Michael Mullineux 2 December, 2020 5:24 pm

So JCVI list and NHSE guidance unravelling before it starts. Would it not be preferable to work out the logistics prior to issuing ES specifications with clauses like 9.5.7 stating the administration of different vaccines would be fine? How do they expect anybody to sign up by 7/12? I understand the anxiety to get going, but this can only undermine confidence in the process and the veracity of the immunisation data being presented.

Kevlar Cardie 2 December, 2020 5:28 pm


Patrick Mcnally 2 December, 2020 7:55 pm

“a spokesperson for DHSC confirmed that they never liked GPs anyway, and the results of a strategic review (in collaboration with PWC and Deloitte) had identified that GPs were considered “too thick” to deliver on the “very realistic” covid vaccine delivery schedule that was negotiated in a completely fair and balanced way with GPC, earlier this year”

Dr N 2 December, 2020 9:39 pm

If we wont be getting vaccines for 2 weeks why the deadline of 4 working days to commit to this.
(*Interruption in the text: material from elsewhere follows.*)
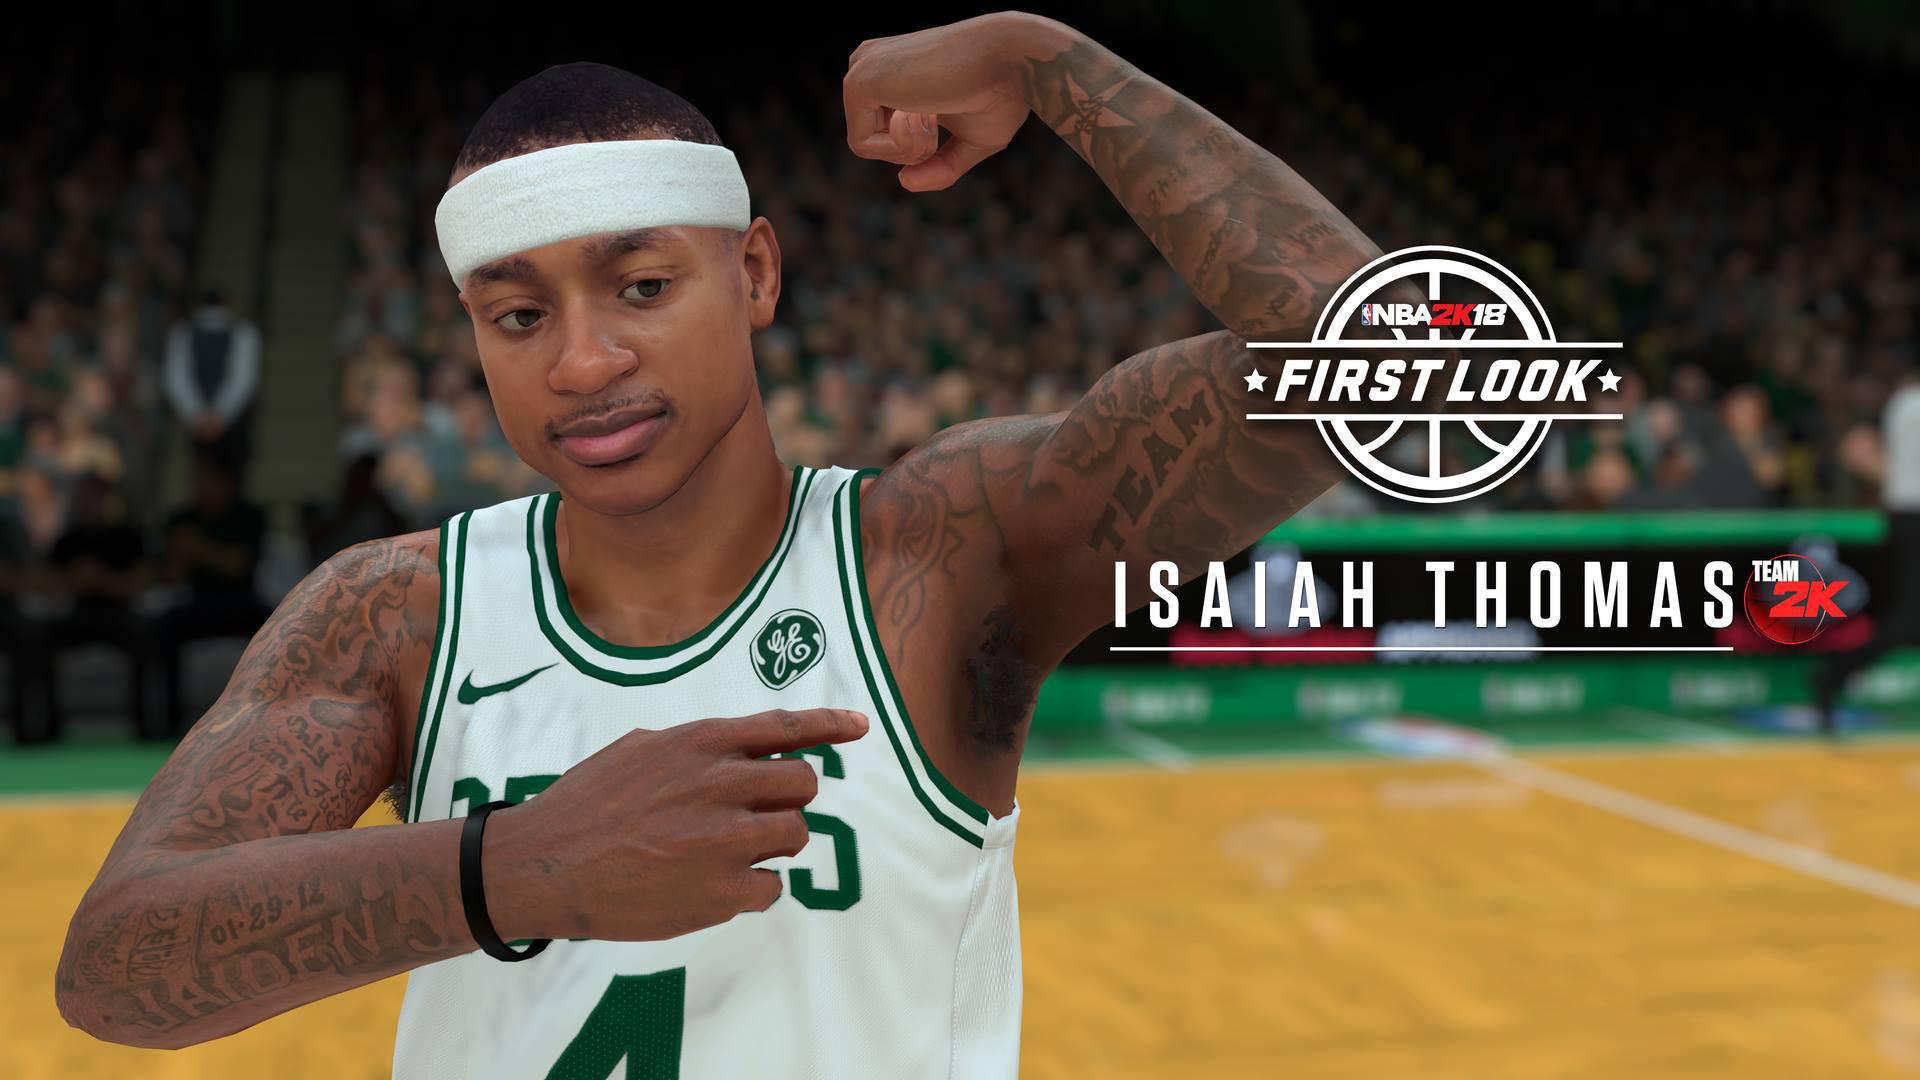 Res: 1920x1080, NBA 2K18: Isaiah Thomas First Look
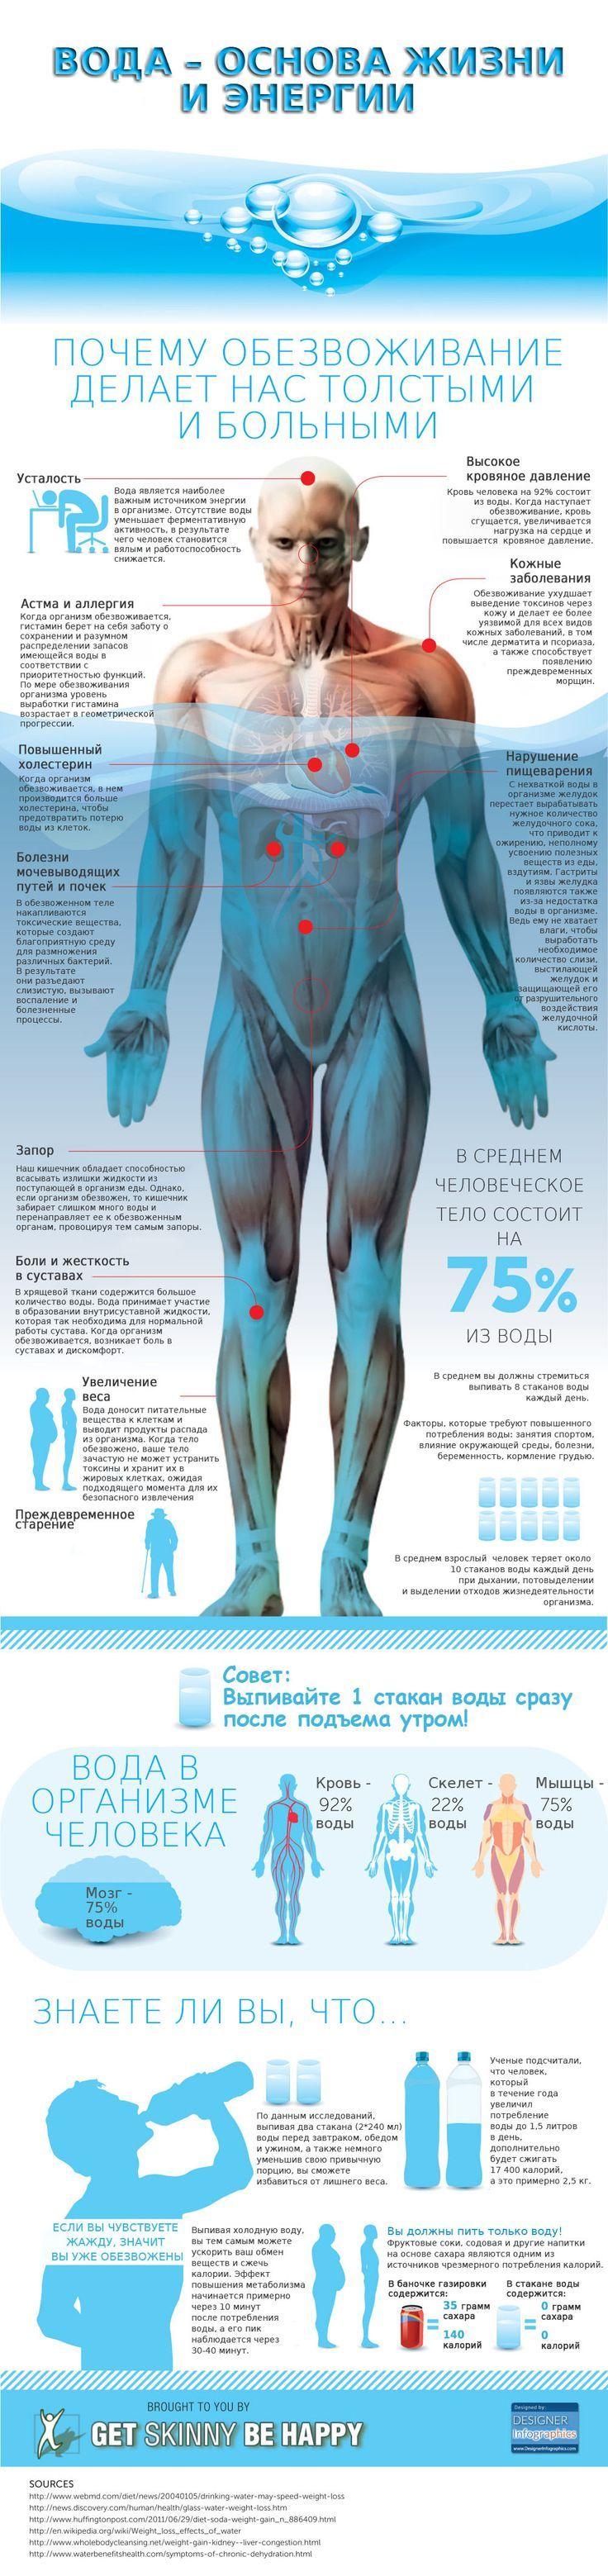 Вода http://lifehacker.ru/2013/11/14/infografika-zachem-nuzhno-pit-vodu/:

I didnt read anything in the ES about what happens if the PCN makes a loss, you cant dump the ES if it becomes apparent that you are making a loss.

Patrufini Duffy 2 December, 2020 9:53 pm

Phrasing it like they’re doing you a favour.

Vinci Ho 3 December, 2020 12:47 am

The vagaries of this story actually stem from the travesty of the claim from the health secretary that NHS was well ready for this Covid vaccination. There was no planning , no consultation with no common sense and NHSE just threw highly bureaucratic exercises for PCNs to complete to beef up this so called readiness . Ignominious and disingenuous.
It was a desperate reflex action of the government mirroring the calamity of the boldness when the chief medical officer and health secretary both declared NHS being well prepared for Covid 19 back in February/March .
Reality is GPs are more likely to deliver the more user-friendly Astra—Zeneca vaccines in the new year .

GP Warwickshire 3 December, 2020 4:01 pm

I hope Dr Ho is correct and PCNs will only have the AZ vaccine to administer. Stuff our own practice fridges with it and the vast majority of surgeries could do this akin to some very well run flu clinics , albeight there is more data recording and chasing up of refusniks after the first vaccine. However the scale of vaccinating most of the population twice means it’s a job too big for us alone, so hopefully these Nightingale clinics will do more ( they can start with the Pfizer vaccine ). Let’s hope they don’t expect us to provide labour for those too. The ES doesn’t exclude that option.